Robbery Under Arms is a bushranger novel by Thomas Alexander Browne, published under his pseudonym Rolf Boldrewood. It was first published in serialised form by The Sydney Mail between July 1882 and August 1883, then in three volumes in London in 1888. It was abridged into a single volume in 1889 as part of Macmillan's one-volume Colonial Library series and has not been out of print since.
It is considered a classic of Australian colonial literature, along with Marcus Clarke's convict novel For the Term of his Natural Life (1876), and has inspired numerous adaptations in film, television and theatre.
Writing in the first person, the narrator Dick Marston tells the story of his life and loves and his association with the notorious bushranger Captain Starlight, a renegade from a noble English family. Set in the bush and goldfields of Australia in the 1850s, Starlight's gang, with Dick and his brother Jim's help, sets out on a series of escapades that include cattle theft and robbery under arms.
The book begins with Dick sitting in gaol, with just under one month before his scheduled execution for his crimes. He is given writing material, and begins documenting his life's story.

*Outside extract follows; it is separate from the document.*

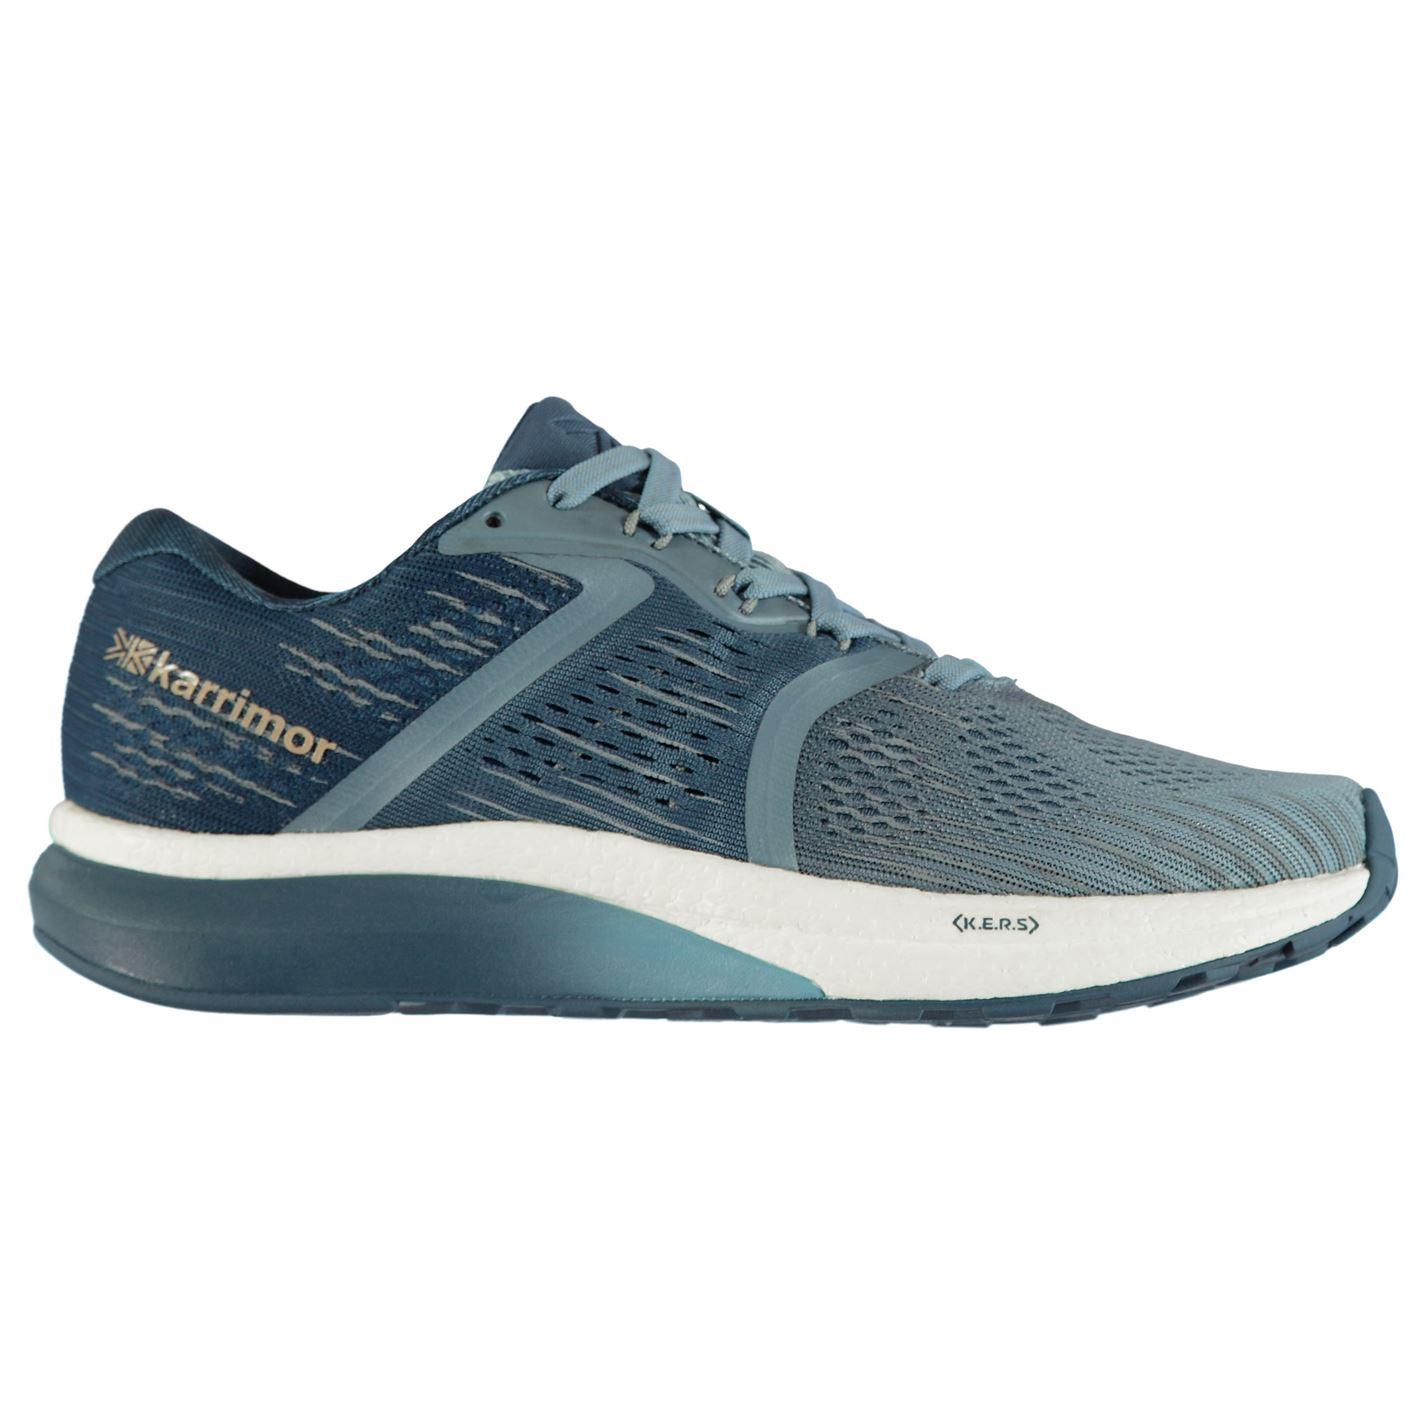 Karrimor Excel 3 Ld91 dámske bežecké topánky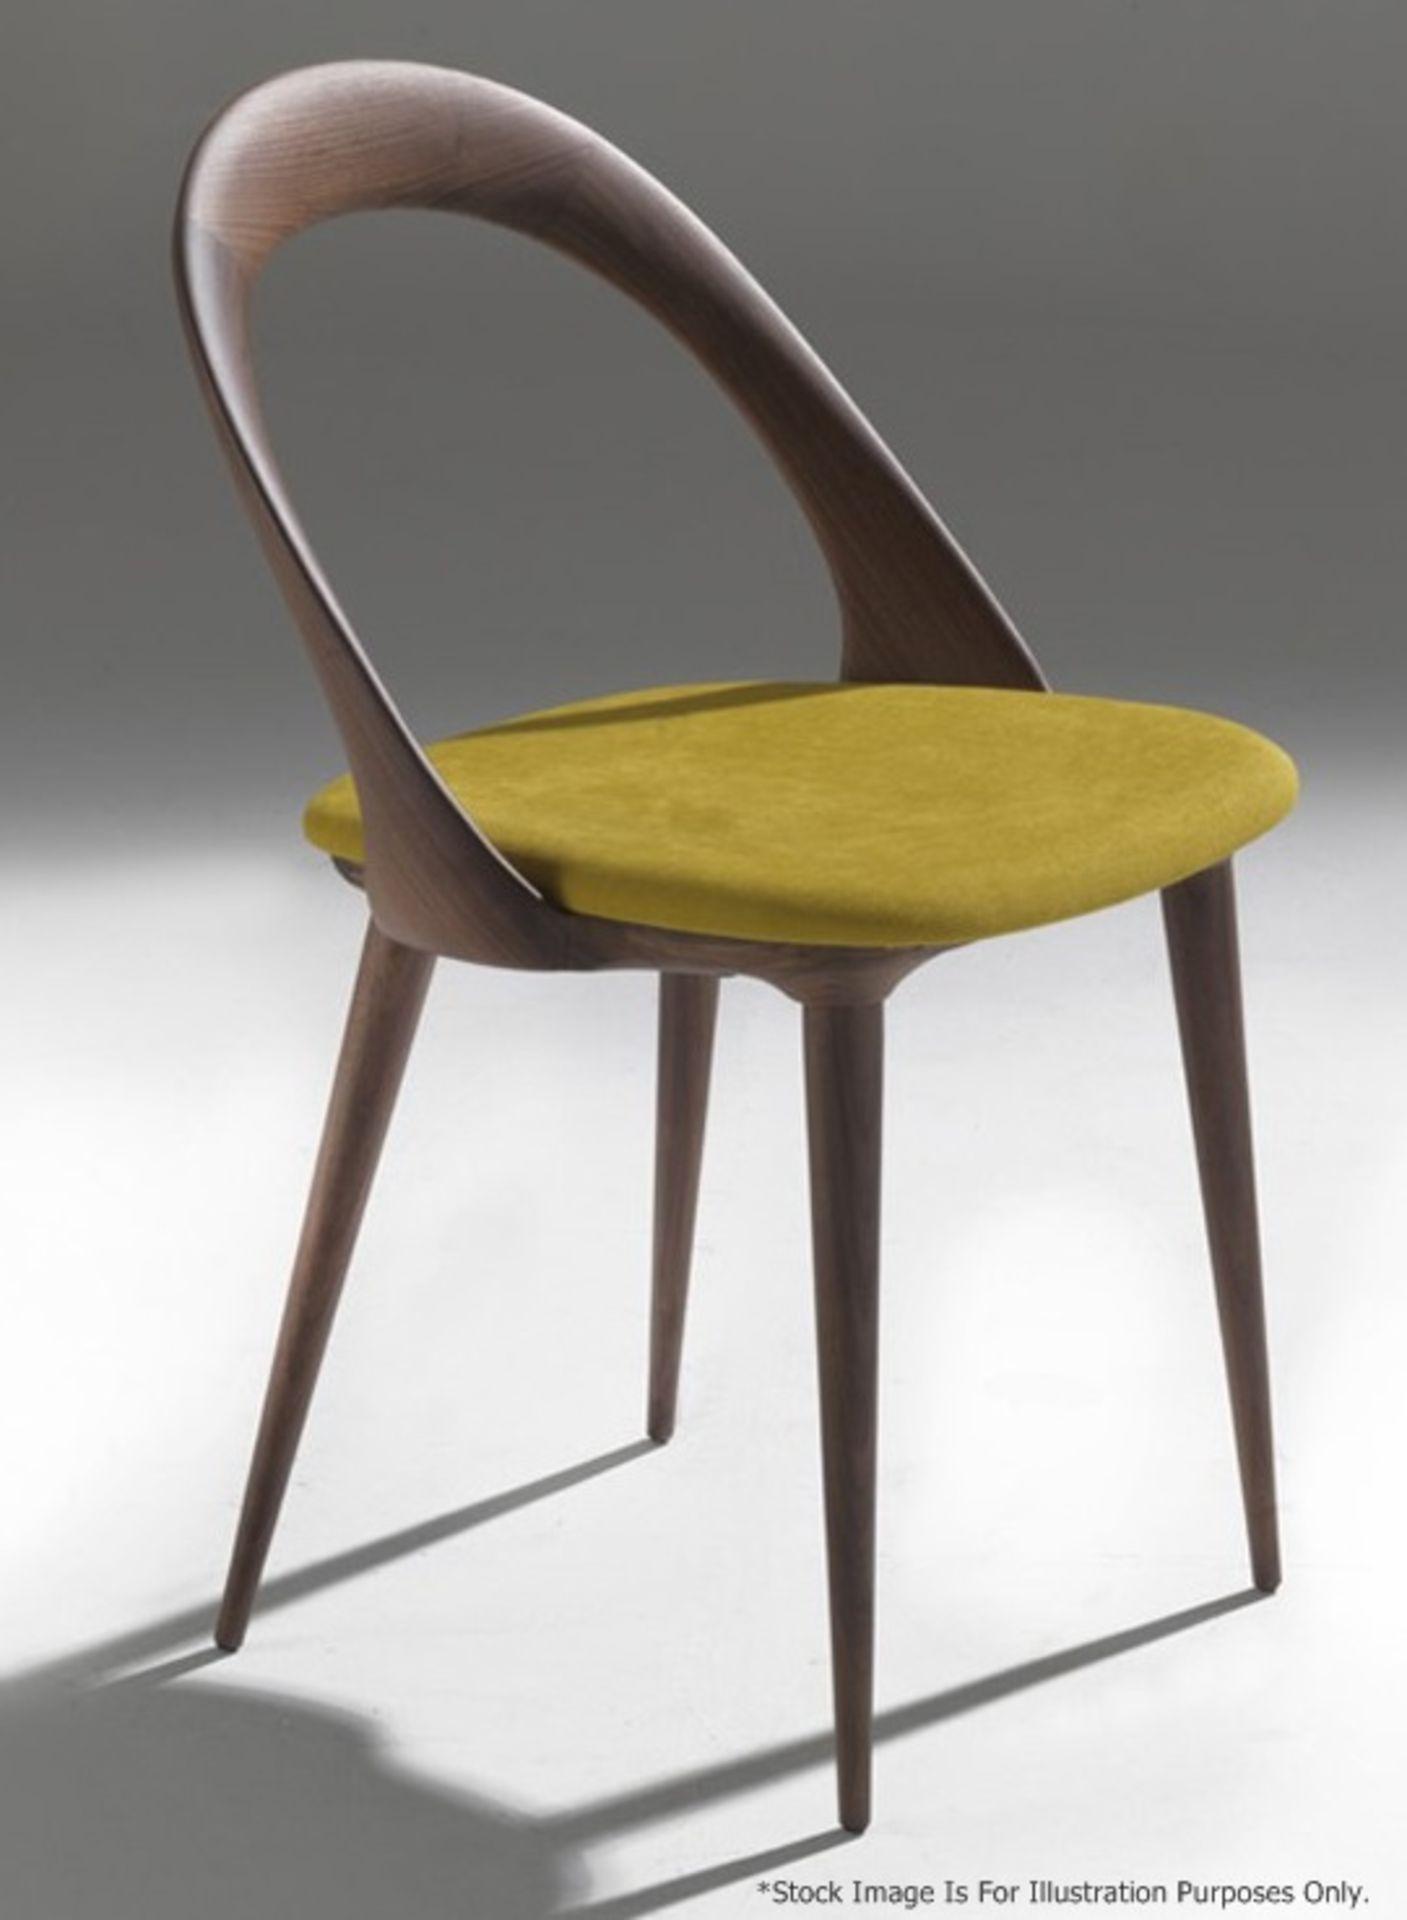 Set Of 4 x PORADA 'Ester' Italian Designer Dining Chairs Featuring Leather Seats - RRP £5,120

He starts with his childhood, with a father (Ben) who is prone to violence, particularly when he has been drinking; his mother, his sister (Aileen) and brother, Jim. He documents his first exposure to his father's crimes, the theft of a red calf, and the disapproval of this crime by his mother, who says she thought he had given up stealing since the theft which led to his transportation as a convict from England. Dick's first active involvement in crime, comes where the brothers choose to go cattle duffing (stealing), even though an offer of solid, honest work had been made with neighbour and friend, George Storefield. The divergent lives of the brothers to that of George is a recurring theme of the book from this point forward, as they continue to meet up at different points throughout the story's course. This first theft includes their introduction to Captain Starlight, his Aboriginal assistant, Warrigal, and their hideaway, Terrible Hollow.
Further thefts follow, leading up to the brazen theft of 1000 head, driven overland to Adelaide with Starlight. After the success of this adventure, the brothers "lie low" in Melbourne, where they meet the sisters, Kate and Jeanie Morrison. The brothers return to home for Christmas, leading to incarceration and trial of Dick and Starlight. (The magistrate chooses to refer to Starlight only by this nickname, at the Captain's request). Warrigal helps Dick and Starlight escape to Terrible Hollow. The gang later has its first stage holdup.
The brothers then move to the Turon goldfields. Their prosperity through honest, hard work gives them the chance for escape from the country to start a new life overseas. Jim is re-united with Jeanie Morrison and marries her. Dick meets Kate Morrison again, but her tumultuous nature leads her, in an angry mood, to alert the police to their presence, and they narrowly escape capture and return to the safety of Terrible Hollow.